Harper’s eyes narrowed. ‘Now how the hell do you know that?’ he asked. ‘Not that I’m admitting anything, of course.’

‘How do you think I know, Lex? She lied to you. The government had no issues with Aslam. He was no threat to the UK, he didn’t appear to be active in any terrorist organisation. He was a husband and a father.’

‘He was al-Qaeda, she said.’

‘He was a cop and a bent one, but he wasn’t a terrorist. Charlie sent you to kill Aslam because he was involved in the death of her husband.’ Shepherd saw the look of surprise flash across Harper’s face. ‘You didn’t know about Charlie’s husband?’

‘Her personal life is nothing to do with me,’ said Harper. ‘She hires me, she pays me, end of story.’

‘Her husband was a civilian but he was butchered by an al-Qaeda assassin. I know because I was there. I couldn’t do anything about her husband but I saved Charlie and killed the guy. She was using you to get revenge, Lex. She wanted Aslam dead because he helped facilitate an operation that ended with her husband being killed.’

‘So he was a bad guy?’ Harper shrugged. ‘No one’s going to give a shit.’

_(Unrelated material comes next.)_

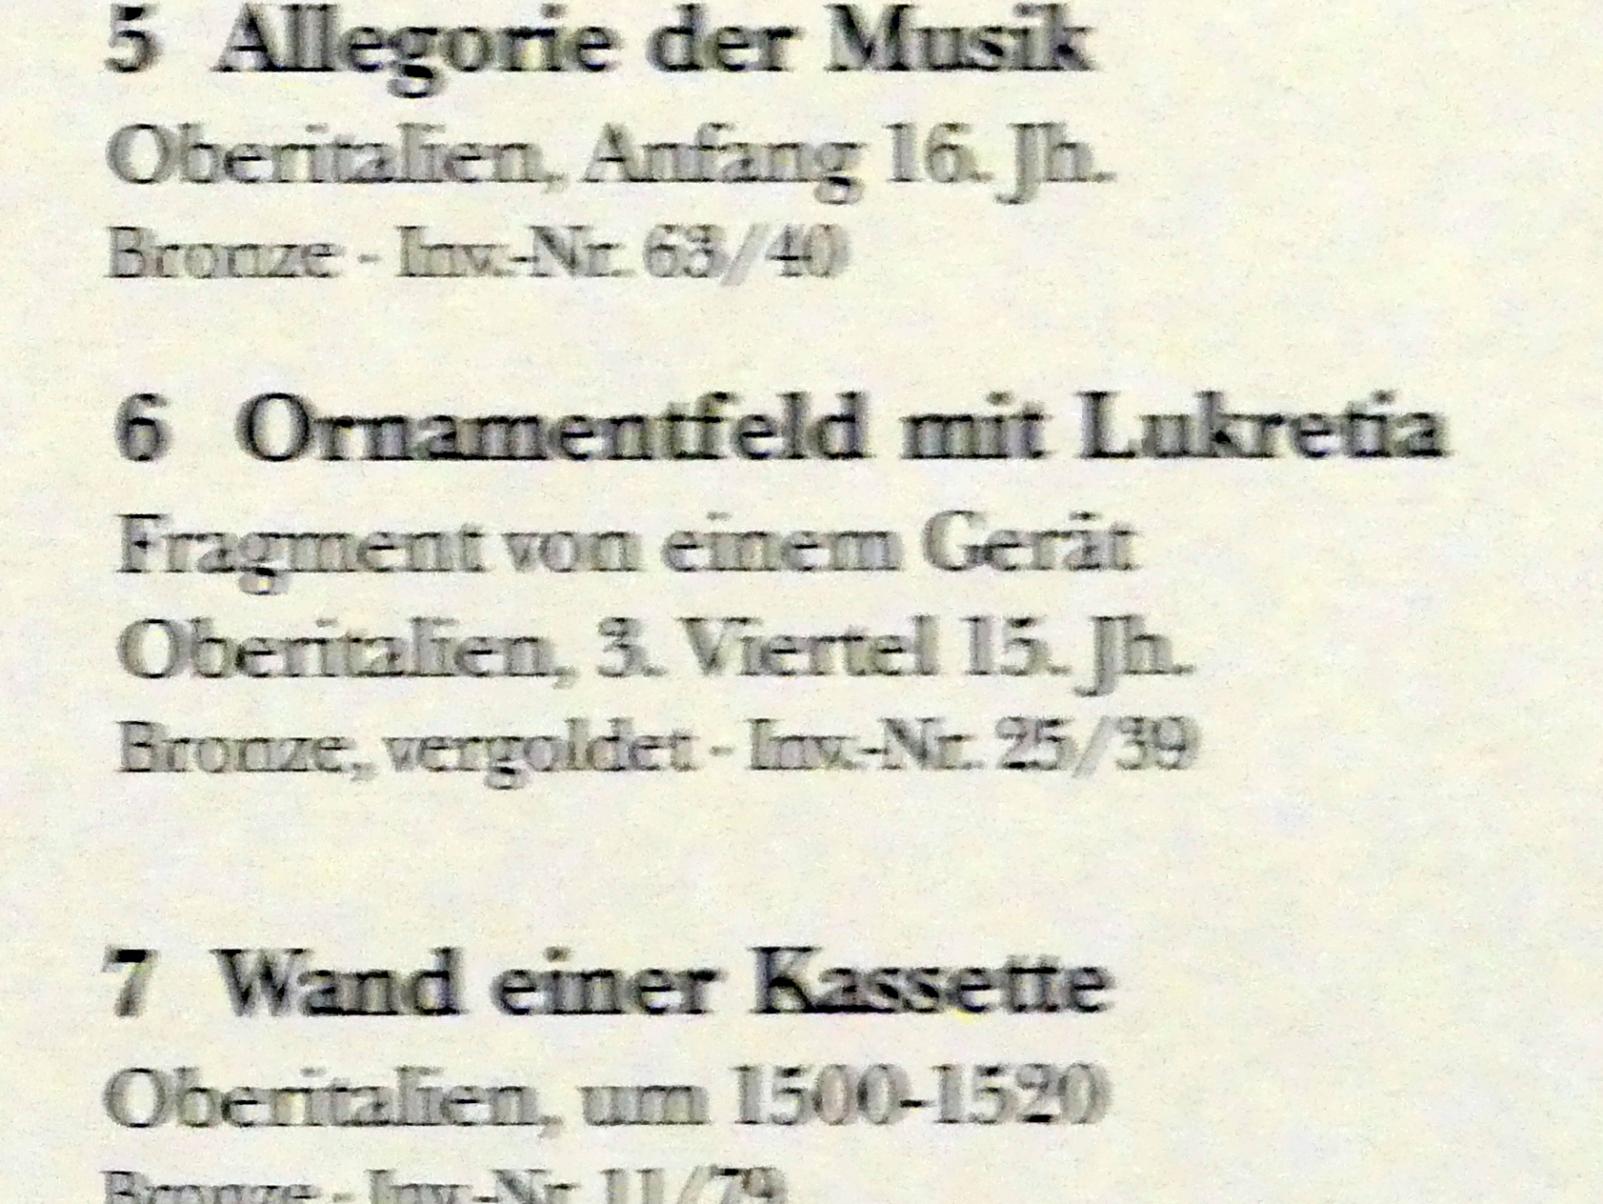 Ornamentfeld mit Lukretia, München, Bayerisches Nationalmuseum, Saal 23, 3. Viertel 15. Jhd., Bild 2/2

‘That’s bollocks and you know it. You could go down for murder, Lex. They could turn you over to the Dubai cops and you’d never see the light of day again.’

‘And by “they” who do you mean, exactly? You?’

‘It wouldn’t be me, Lex.’

‘Five? The Home Secretary? The PM? Who exactly is going to grass up an assassin hired by the British government?’

‘You weren’t hired by the government, Lex. You were hired by Charlie. She paid you with government money, sure, but it wasn’t an official operation. It was personal.’

‘Do you know why I’m here, Spider? Did they tell you what I’m doing?’

‘Taking out a couple of Irish terrorists.’

‘Who have been designated as valid targets, right? Targets for assassination.’

‘It’s a grey area.’

‘Fuck that,’ said Harper. ‘The government wants them dead and they’ve tasked me to do the dirty work. And the lovely Charlie was the conduit. Do you think they’re going to let me stand up in court and explain exactly how that cosy little relationship worked?’

‘We’re going around in circles here, Lex. The fact is that Charlie has been using you to exact revenge. Any protection you thought you might have had is gone. She’s in big trouble and unless you come clean now, you’ll go down with her.’

Harper grinned and shook his head. ‘Mate, you have no idea how the world works.’

‘This is from the top, Lex. The Director General of MI5 wants her gone.’

‘Yeah, well good luck with that. And who’s going to be sticking the knife in? Who’s running you?’

‘A guy called Willoughby-Brown. MI6.’

Harper nodded. ‘He’s the prick that got you in that jam last year, right? When you got caught on the Pakistan–Afghanistan border?’

‘He wouldn’t be my first choice, but you play the hand you’re dealt.’

‘I need another drink,’ said Harper. He went to the bar and ordered another Jameson and soda and a beer. A new track started on the jukebox. Bon Jovi. ‘Living on a Prayer’.

Shepherd knew that Harper was playing for time but there was no point in rushing things. He waited until he’d set the fresh drinks on the table and sat down before leaning forward. ‘You’re going to have to give evidence against her, Lex. That’s the only way you’re going to get out of this clean.’